Quem anda nisto do FIRE em Portugal sabe bem: uma das primeiras barreiras que aparece é a questão dos impostos. Começas a ler sobre a regra dos 4% para viver do investimento, fazes contas rápidas ao teu portfolio de ETFs, e de repente bate aquela dúvida: “Espera, mas não se paga 28% sobre os lucros? Isso come quase um terço do que retiro!”
Eu lembro-me perfeitamente de quando me deparei com isso. Estava a planear o meu caminho para a independência financeira, com IWDA na corretora, e pensei: “Ok, 28% é bom para saber à partida, mas com o englobamento e aquelas deduções à coleta, deve ficar por aí uns 14% ou coisa que o valha”. Na prática, as contas complicam-se. Há as isenções por tempo de detenção, as taxas marginais, deduções à coleta e outros fatores a ter em conta. Muita gente desiste e assume o pior.
Pior ainda é quando ouves histórias de quem opta por PPRs em vez de ETFs só por causa dos impostos. “Ah, no PPR com mais de 8 anos pagas só 8,6% e podes pagar o crédito habitação a 8%, enquanto nos ETFs são sempre 28%“. Embora os PPRs tenham o seu mérito, esta afirmação ignora o poder do englobamento para o investidor de longo prazo em ETFs.

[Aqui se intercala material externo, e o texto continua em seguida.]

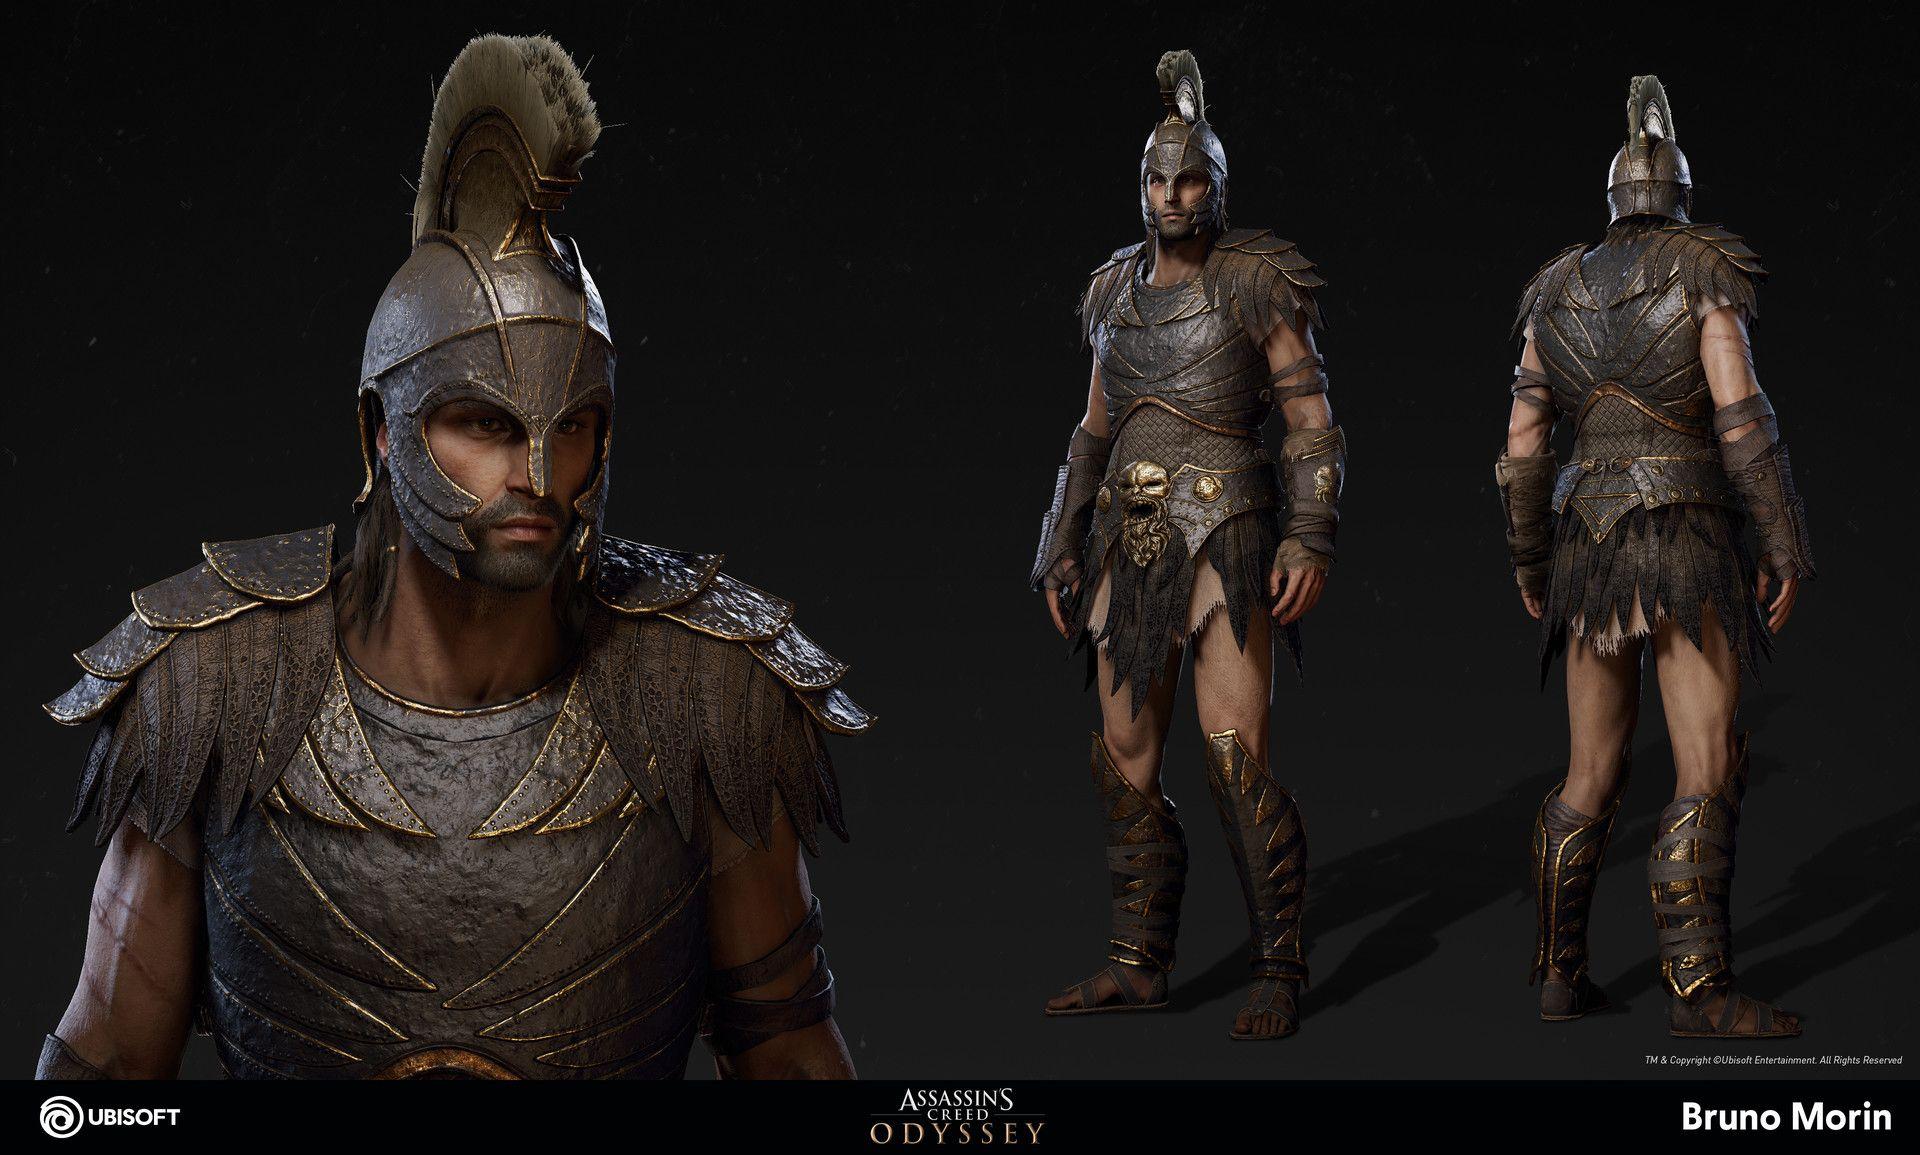 assassins creed odyssey assassins armor - HD1600×963

Com um planeamento cuidado, a taxa de imposto pode ser drasticamente reduzida, muito abaixo dos 28% e em muitos casos, até abaixo dos 8,6%, dependendo do teu levantamento anual.
A Regra de Ouro para o Investidor de Longo Prazo
A grande mudança para os investidores em Portugal chegou com a Lei n.º 31/2024. A alteração ao Artigo 43.º do CIRS, introduzida por esta lei, é um dos benefícios mais significativos para investidores de longo prazo, trata-se de uma exclusão parcial de tributação, que reduz a base sobre a qual o imposto incide. As regras são as seguintes:
• Período de detenção < 2 anos: 0% do lucro é excluído (100% é tributável).

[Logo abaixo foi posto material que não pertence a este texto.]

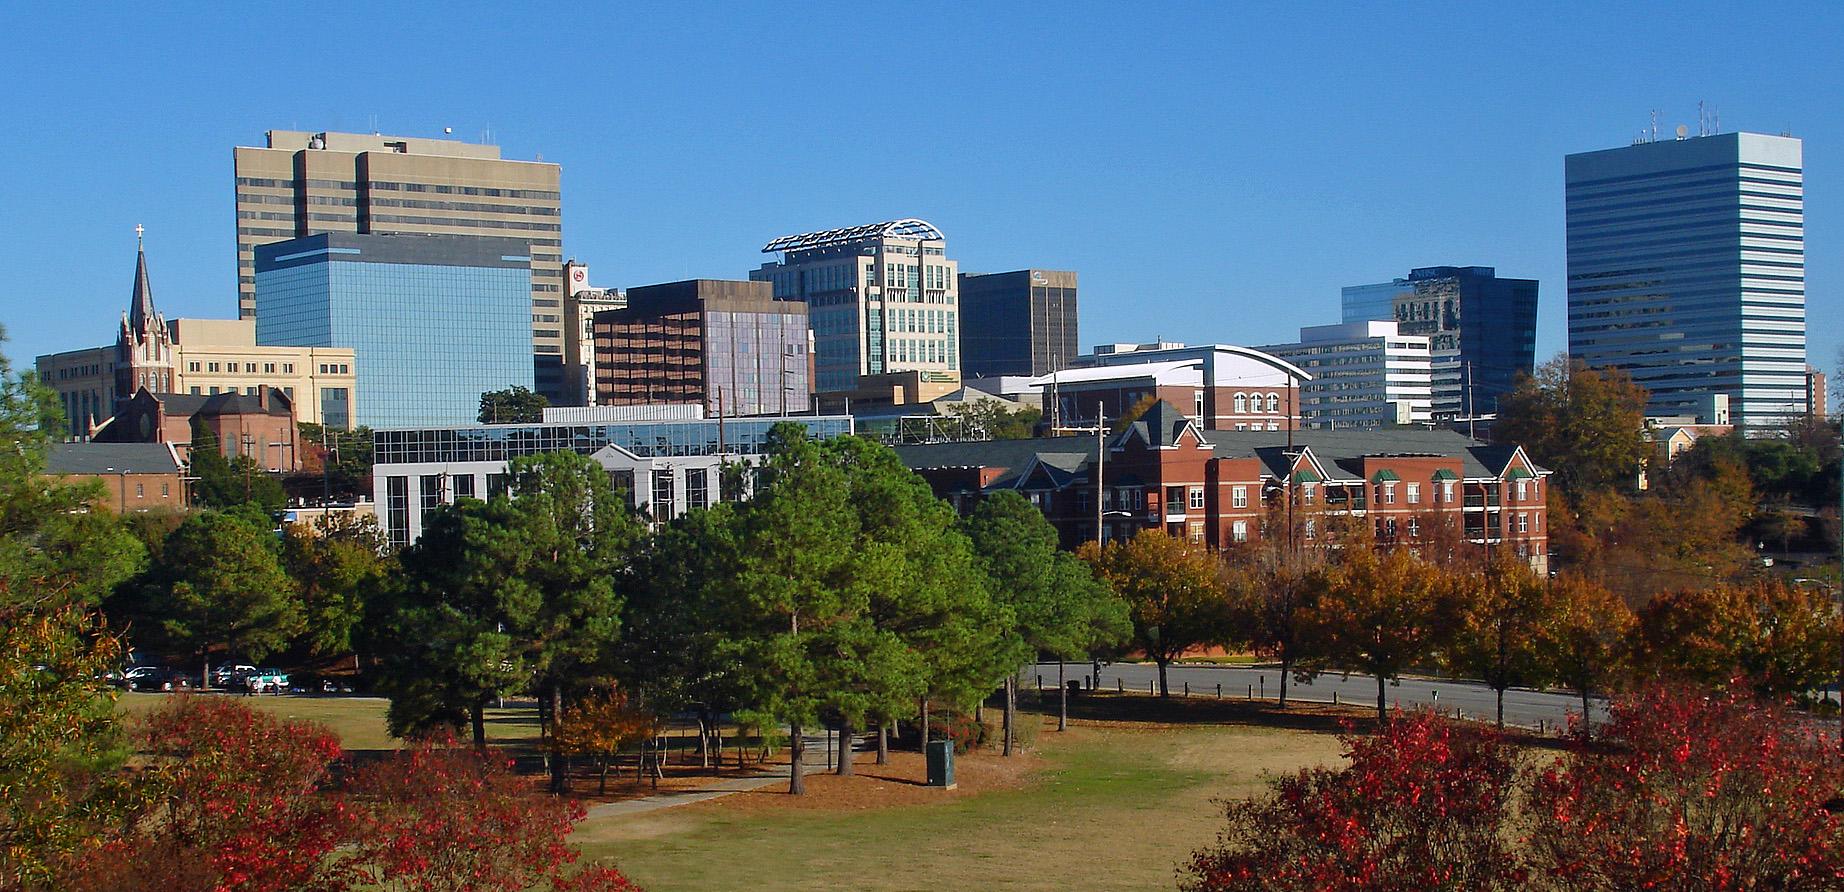 photograph of Columbia, South Carolina

• Período de detenção ≥ 2 anos e < 5 anos: 10% do lucro é excluído (90% é tributável).
• Período de detenção ≥ 5 anos e < 8 anos: 20% do lucro é excluído (80% é tributável).
• Período de detenção ≥ 8 anos: 30% do lucro é excluído (70% é tributável).

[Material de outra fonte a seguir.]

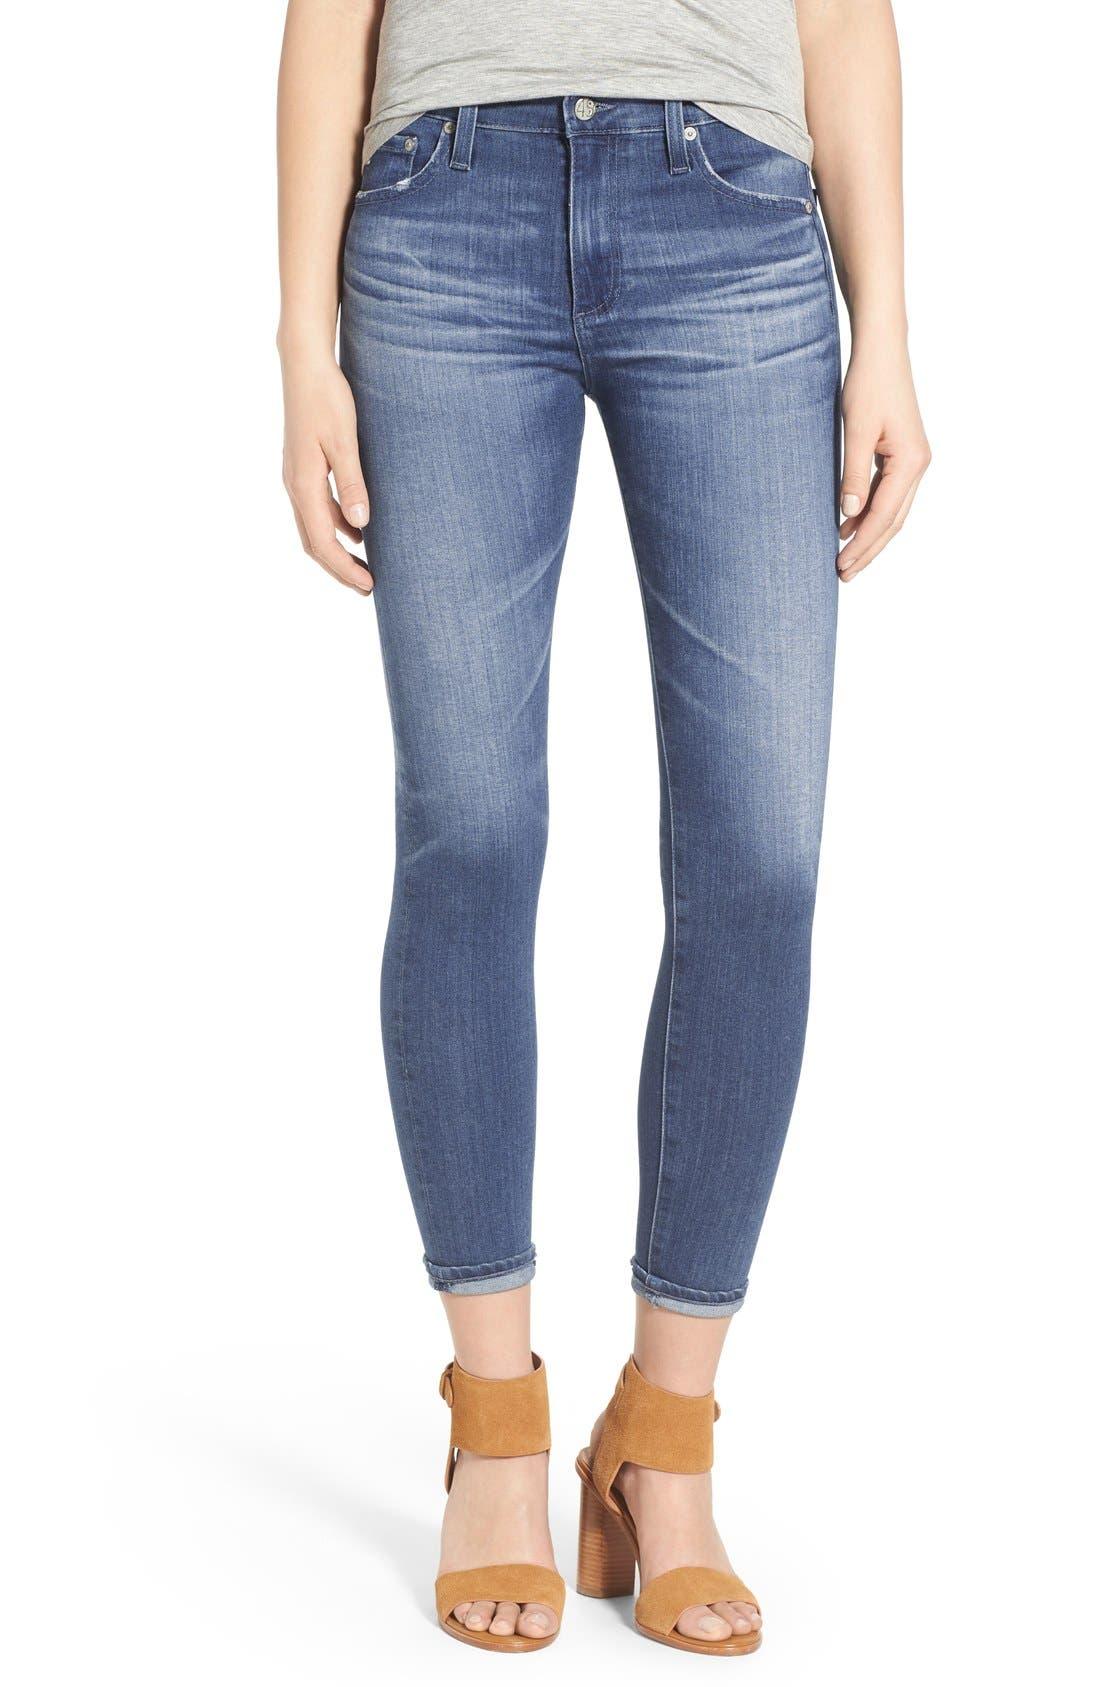 AG 'The Farrah' High Rise Crop Skinny Jeans, Main, color, 400

Esta exclusão reduz o rendimento coletável, que é o montante que será sujeito às taxas progressivas de IRS caso se opte pelo englobamento. E para a maioria dos cenários FIRE, com levantamentos anuais “normais”, o englobamento é a escolha mais acertada.
O problema é que ninguém tinha uma ferramenta simples para testar isso tudo. Até agora. Analisei as leis do IRS, testei fórmulas com exemplos reais e confirmei todos os cálculos para garantir que tudo bate certo. O resultado? Uma calculadora que te mostra detalhadamente quanto pagas de impostos num levantamento, considerando englobamento, isenções por tempo e deduções simplificadas. E sim, inclui opção para casais.
No fundo, é para quem, como eu, quer números concretos em vez de “deve ficar por aí”. Vamos ver como funciona.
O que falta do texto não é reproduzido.